The Board receives regular reports from its broker, depositary, registrar and Manager as well as its legal advisers and the industry trade body (the Association of Investment Companies) on changes to regulations which could impact the Company and its industry. The Company monitors events and relies on the Manager and its other key third party providers to manage this risk by preparing for any changes, adverse or otherwise.

Emerging Risk

 

Mitigating Activities

Environmental Risks

 

 

Climate Change

Climate change is one of the most critical emerging issues confronting asset managers and their investors. Climate change may have a disruptive effect on the business models and profitability of individual investee companies, and indeed, whole sectors.

The Manager's investment process integrates consideration of environmental, social and governance factors into decisions on which stocks to buy, hold or sell. This includes the approach investee companies take to recognising and mitigating climate change risks.

In the Company's and Manager's view, companies that successfully manage climate change risks will perform better in the long-term. Consideration of climate change risks and opportunities is an integral part of the investment process.

ESG requirements from investors

The Company's policy on ESG and climate change may be out of line with ESG practices which investors are looking to invest in accordance with.

The Manager has integrated the consideration of ESG factors into the Company's investment process.
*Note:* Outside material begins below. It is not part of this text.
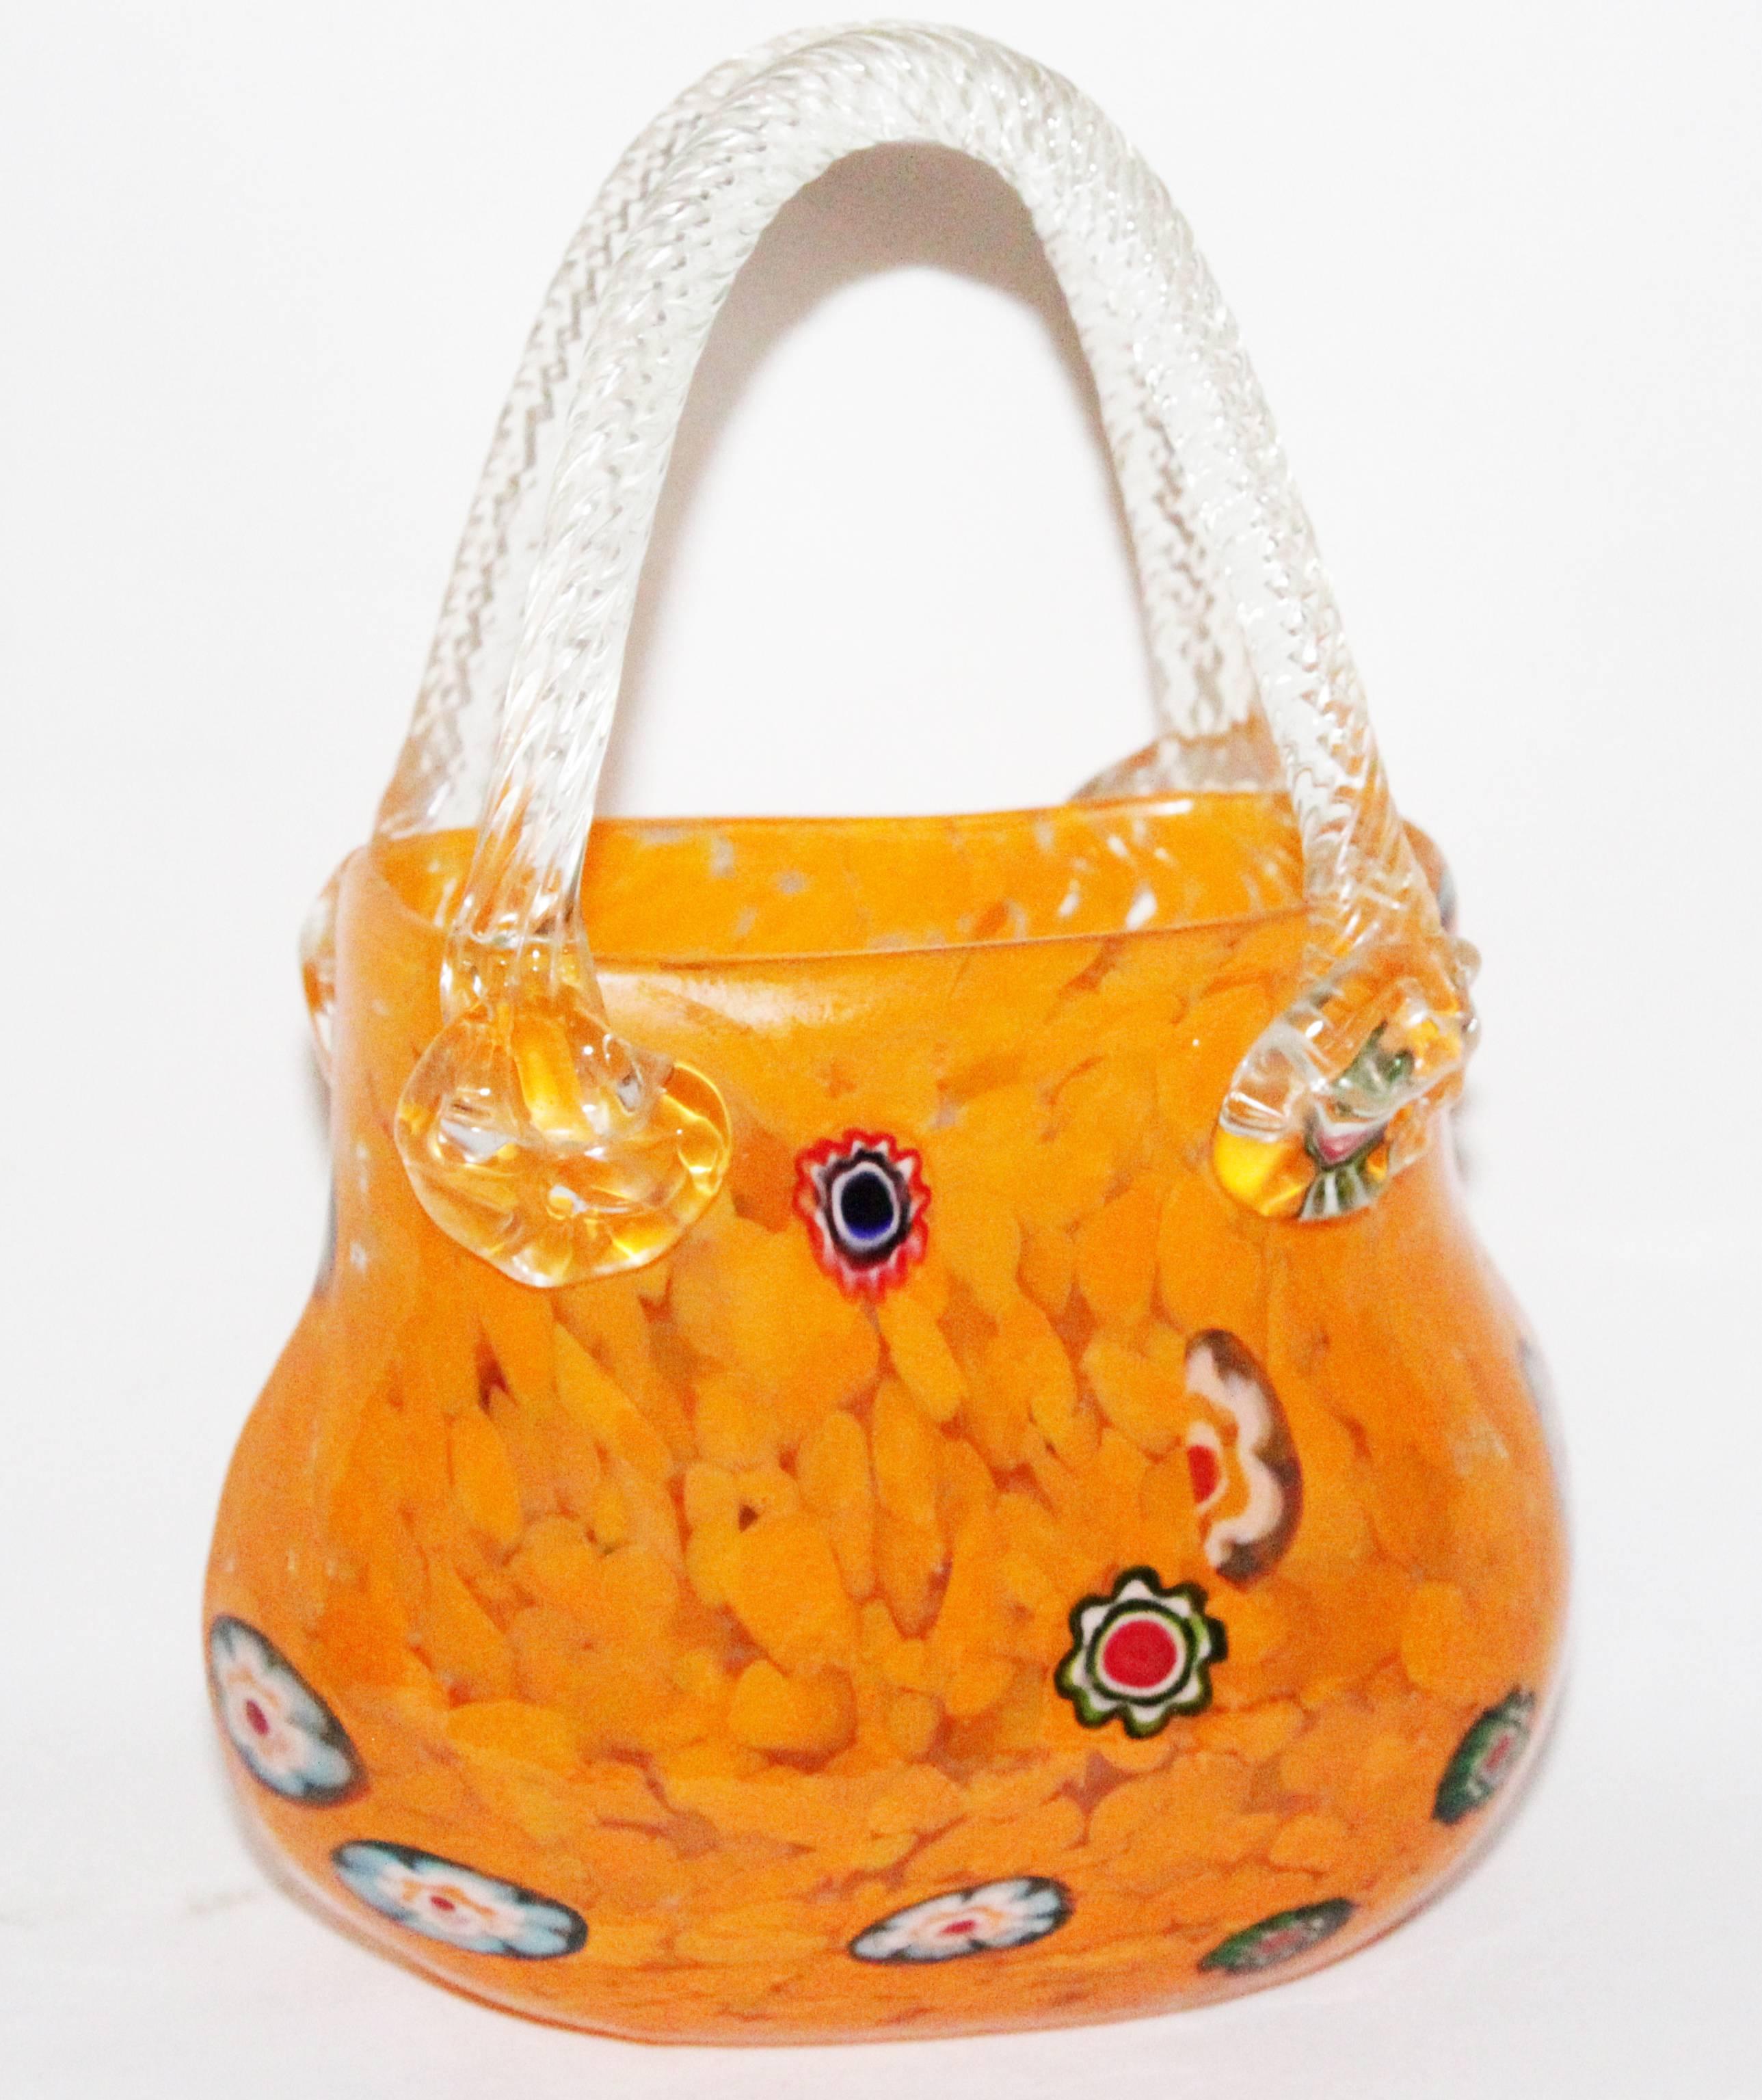 murano glass handbag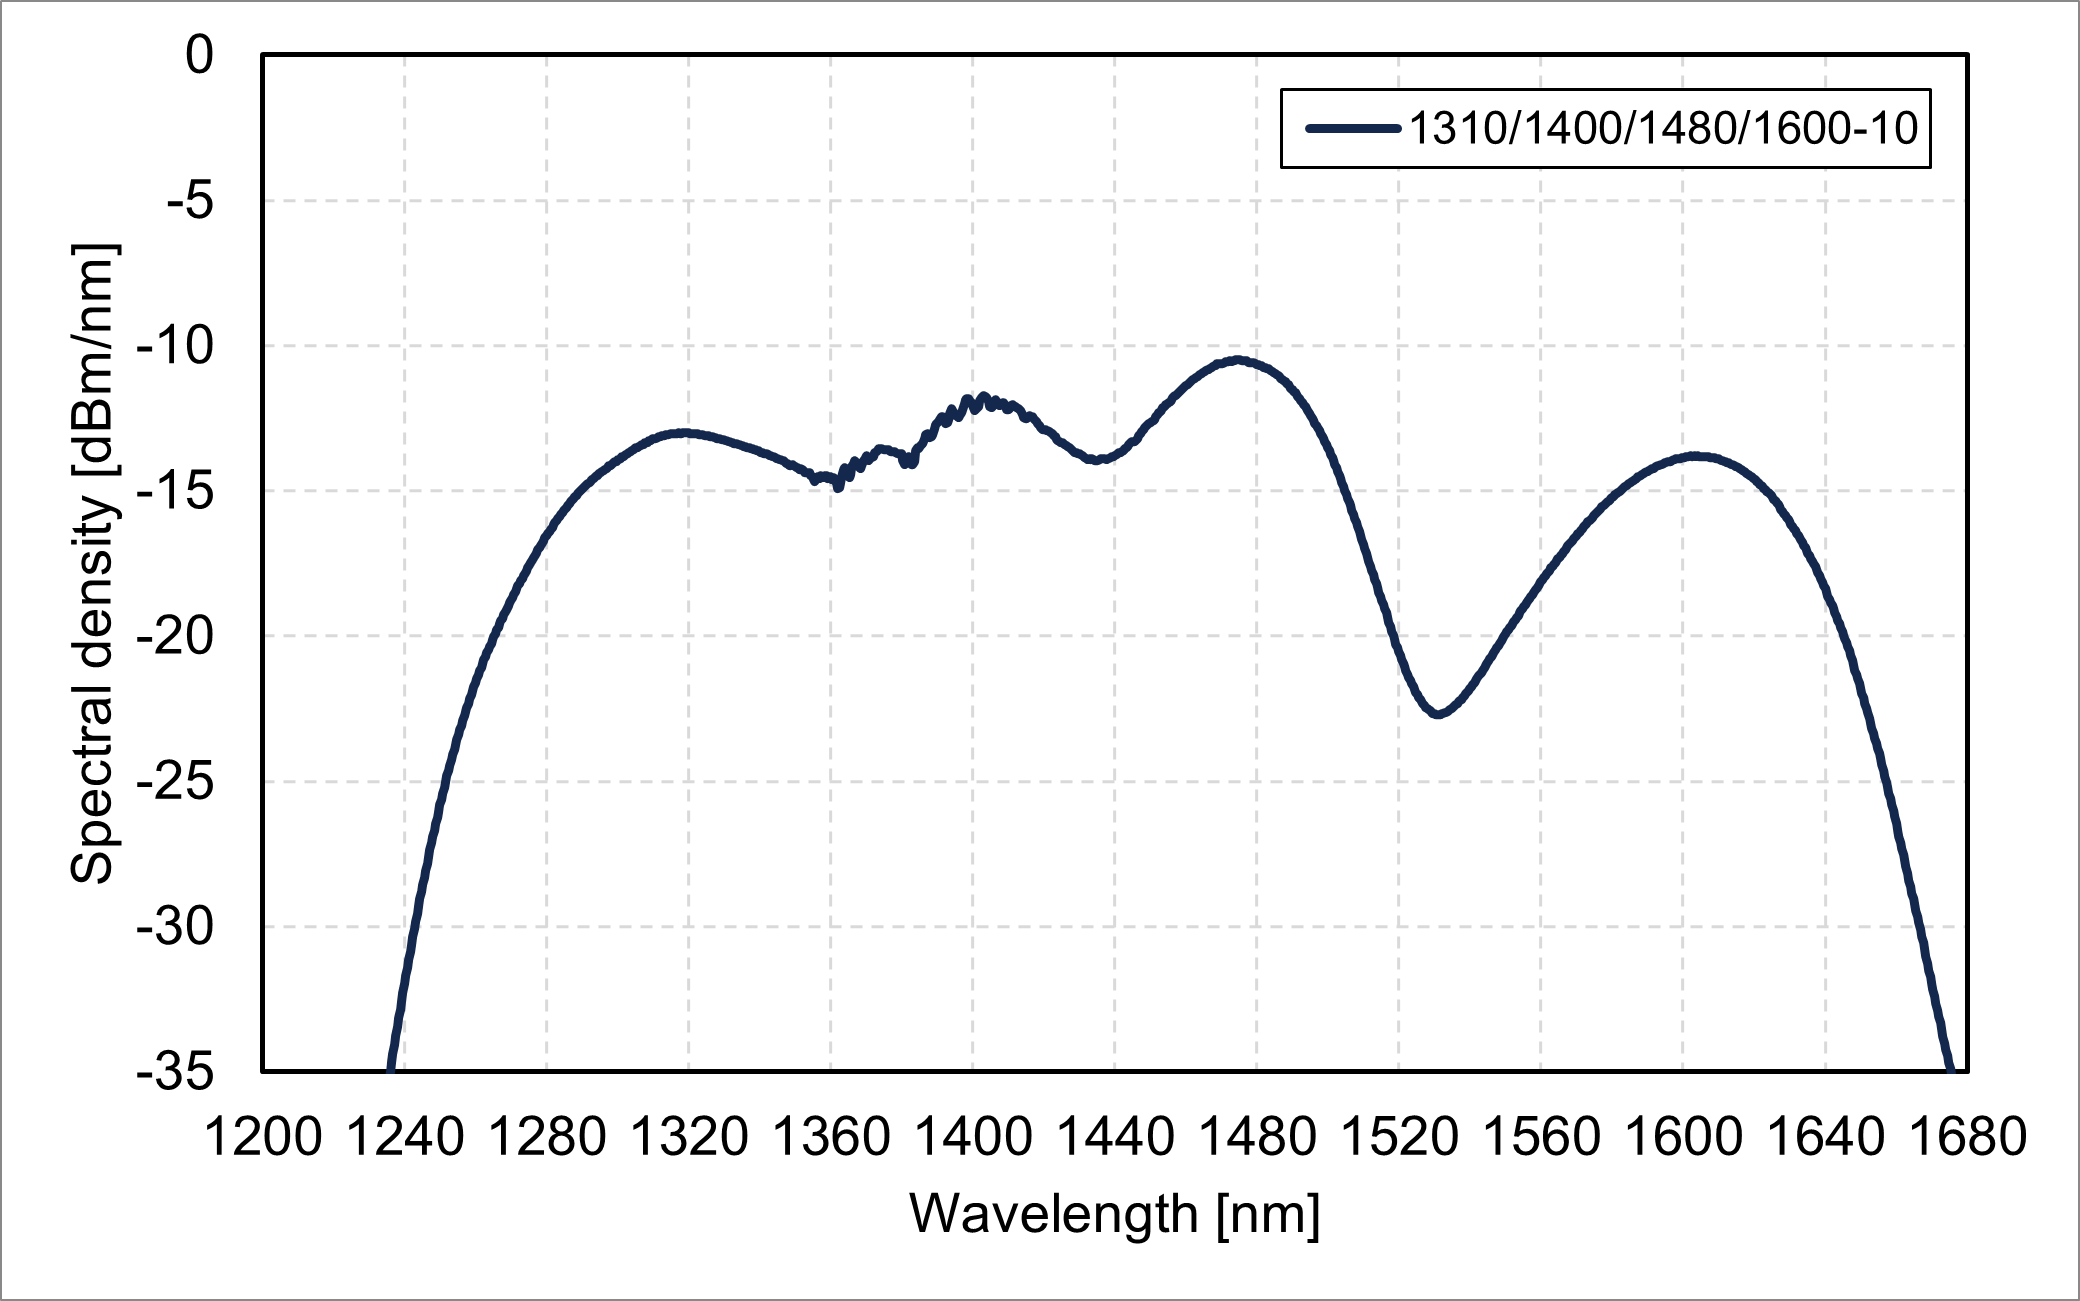 Spectral density vs. wavelength (1310/1400/1480/1600-10)

Further details are set out in the ESG report on pages 14 to 16 of the 2022 Annual Report.

Pandemic Risks

 

 

Pandemics

The emergence of COVID-19 has highlighted the speed and extent of economic damage that can arise from a pandemic. There is the risk that emergent strains may not respond to current vaccines and may be more lethal and that they may spread as global travel increases.

The Board receives reports on the business continuity plans of the Manager and other key service providers. The effectiveness of these measures has been assessed throughout the course of the COVID-19 pandemic and the Board will continue to monitor developments as they occur and seek to learn lessons which may be of use in the event of future pandemics.

To date the portfolio's holdings have not exhibited a material long-term impact and have recovered as the containment measures eased, although the pandemic has yet to run its course.

Economic Responses to the COVID-19 Pandemic

The response to the Pandemic by the UK and other governments may potentially fail to mitigate the economic damage created by the Pandemic and public health responses to it, or may create new risks in their own right.

The Board seeks to manage these risks through: a broadly diversified equity portfolio, appropriate asset allocation, reviewing key economic and political events and regulatory changes, active management of risk and the application of relevant policies on gearing and liquidity.

Geopolitical Risks

 

 

Geopolitical Instability

Geopolitical Risk is the potential for political, socio-economic and cultural events and developments to have an adverse effect on the value of the Company's assets.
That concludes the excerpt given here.